The aim is to control if a given abscissa/grid is uniform or not. Abscissa
in generic vector of real ordered numbers.
Here a reproducibile code:
# uniform abscissa/grid
abscissa1 <- seq(0, 1, length=100)
# non-uniform abscissa/grid
abscissa2 <- sort(runif(100))
control1 <- all(signif(abscissa1[1:(length(abscissa1) - 1) + 1] -
abscissa1[1:(length(abscissa1) - 1)]) == signif(rep((range(abscissa1)[2] -
range(abscissa1)[1])/(length(abscissa1) - 1), length(abscissa1) - 1)))

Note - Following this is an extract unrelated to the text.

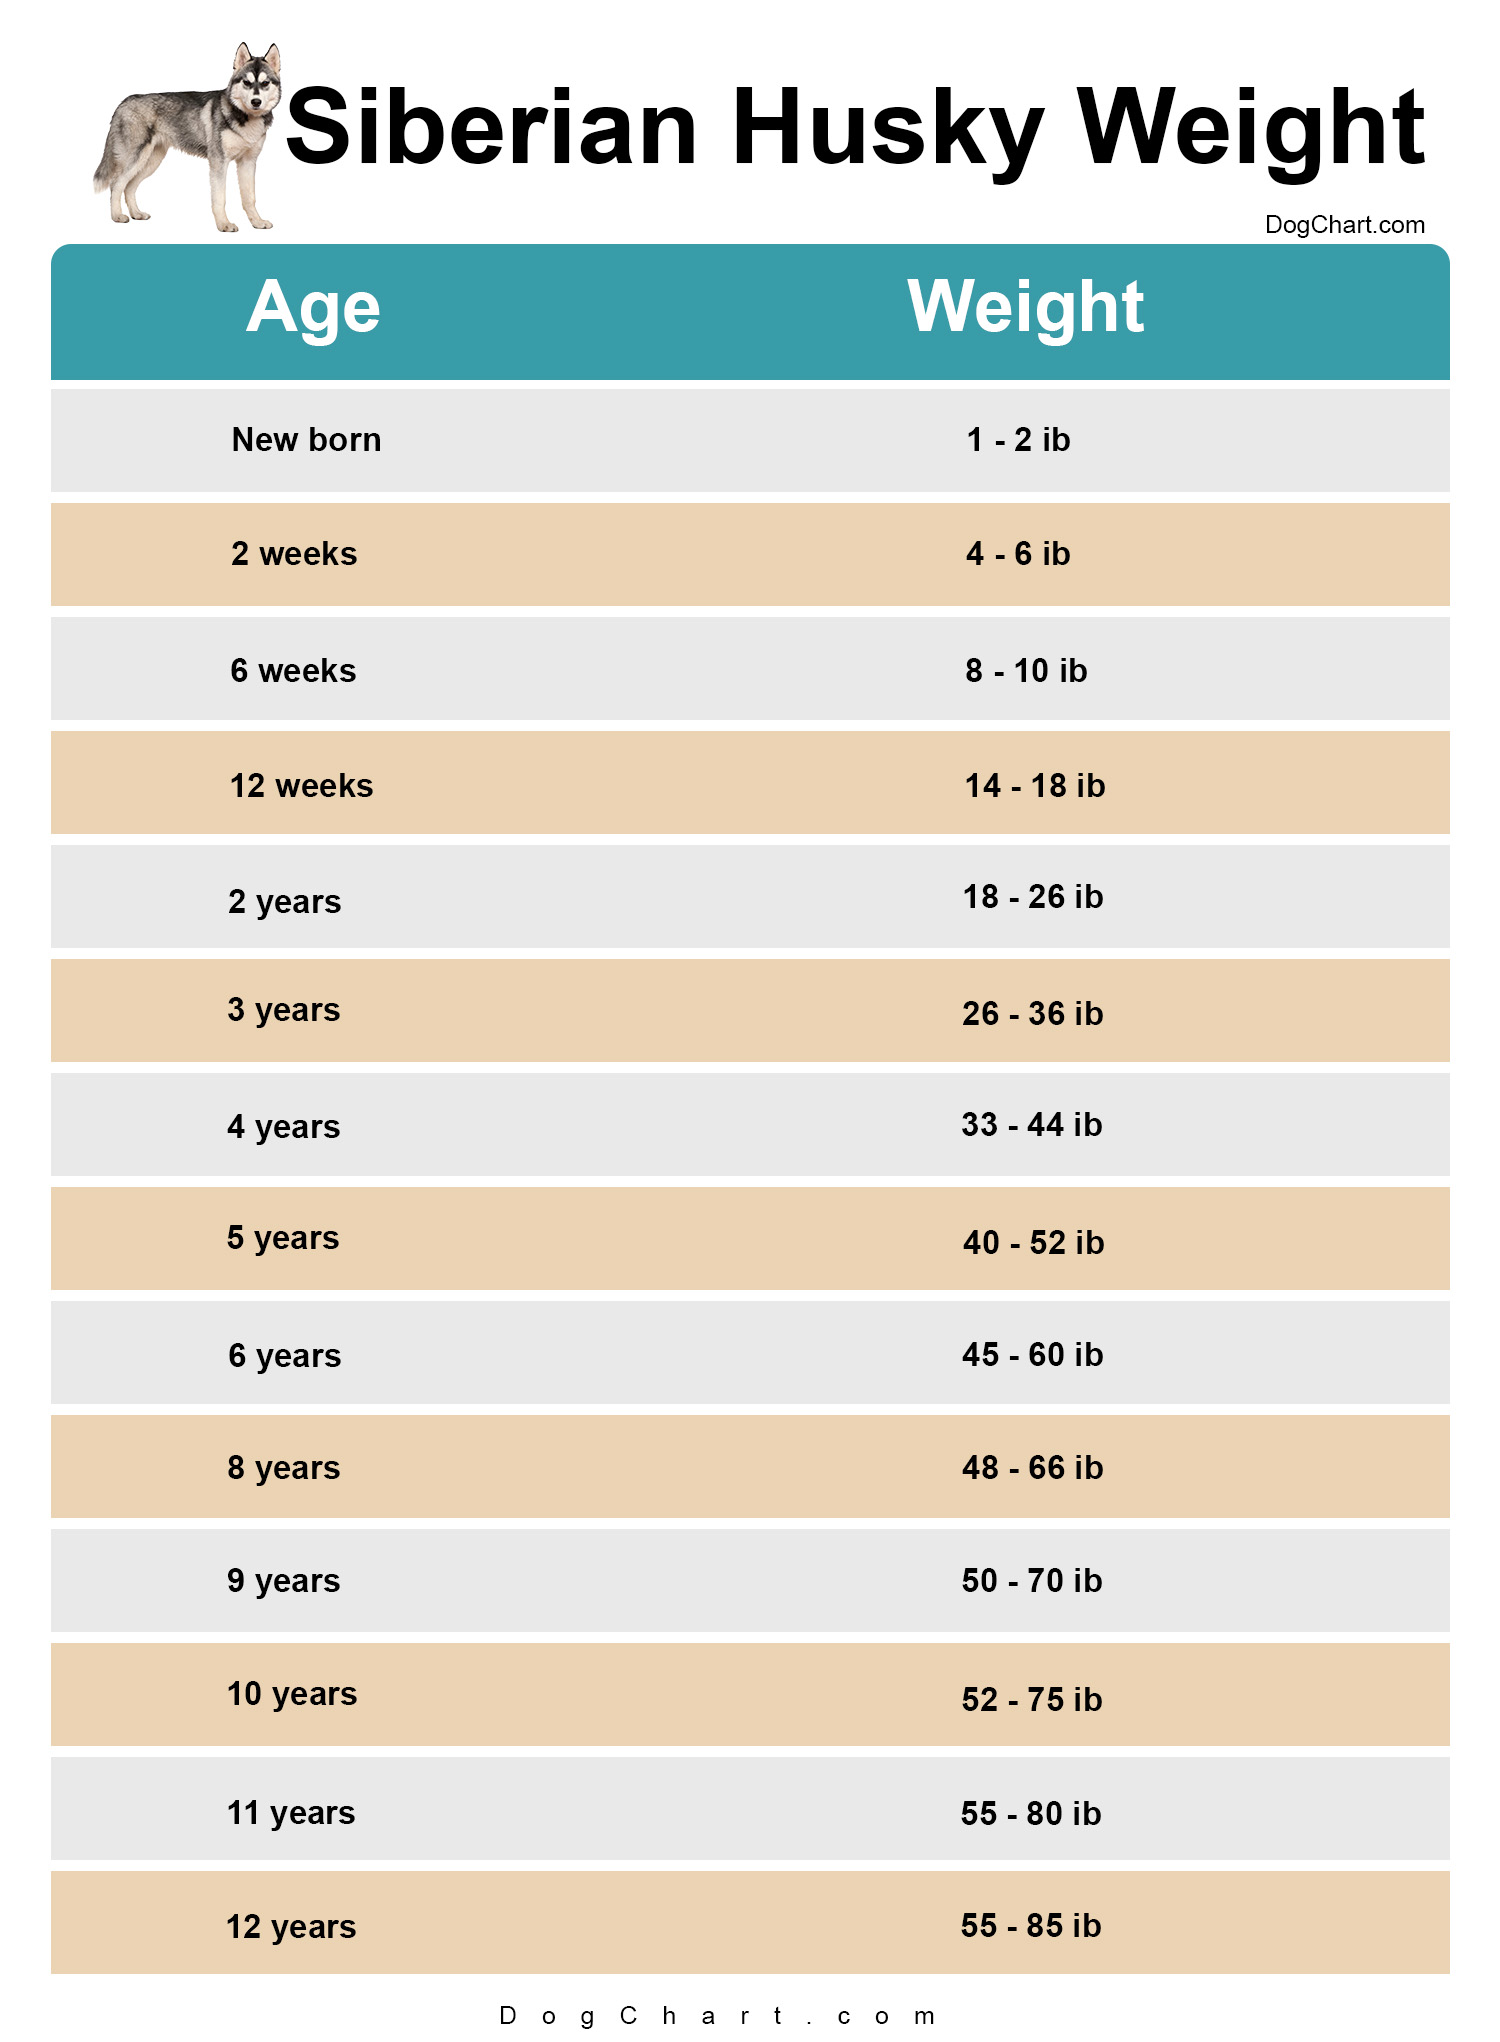 🐶 Siberian Husky Weight Chart by Age in ib

control2 <- all(signif(abscissa2[1:(length(abscissa2) - 1) + 1] -
abscissa2[1:(length(abscissa2) - 1)]) == signif(rep((range(abscissa2)[2] -
range(abscissa2)[1])/(length(abscissa2) - 1), length(abscissa2) - 1)))
control1
control2
As expected control1 is TRUE and control2 is FALSE. Actually in this code
it is possible also to use
diff inside signif.
Do you mean that the control to perform can be done in this manner
if (length(unique(diff(vec))) == 1) {
control <- TRUE
} else {
control <- FALSE
}
I have tried to apply this control on abscissa1 which is uniform but
length(unique(diff(abscissa1))) was greater than one; probably, as you
said, this is due to the fact that in this way I don't take into account
the machine precision.
What I want to understand is if there is a SAFE solution, even if until now
this control is working correctly. I have seen in the documentation of
signif that by default the number of digits considered are 6. The number of
digits to consider depends on the scale used. It doesn't make sense to
increase the number of digits with respect to default because, in this
case, you are not using an handy scale.
Maybe it could be better directly to ask user if the abscissa passed as
argument is uniform or not.
Thanks a lot for the link!!!
Marc
2015-04-06 16:32 GMT+02:00 Sarah Goslee <sarah.goslee at gmail.com>:
> Without a reproducible example that includes some sample data (fake is
> fine), the code you used (NOT in HTML format), and some clear idea of
> what output you expect, it's impossible to figure out how to help you.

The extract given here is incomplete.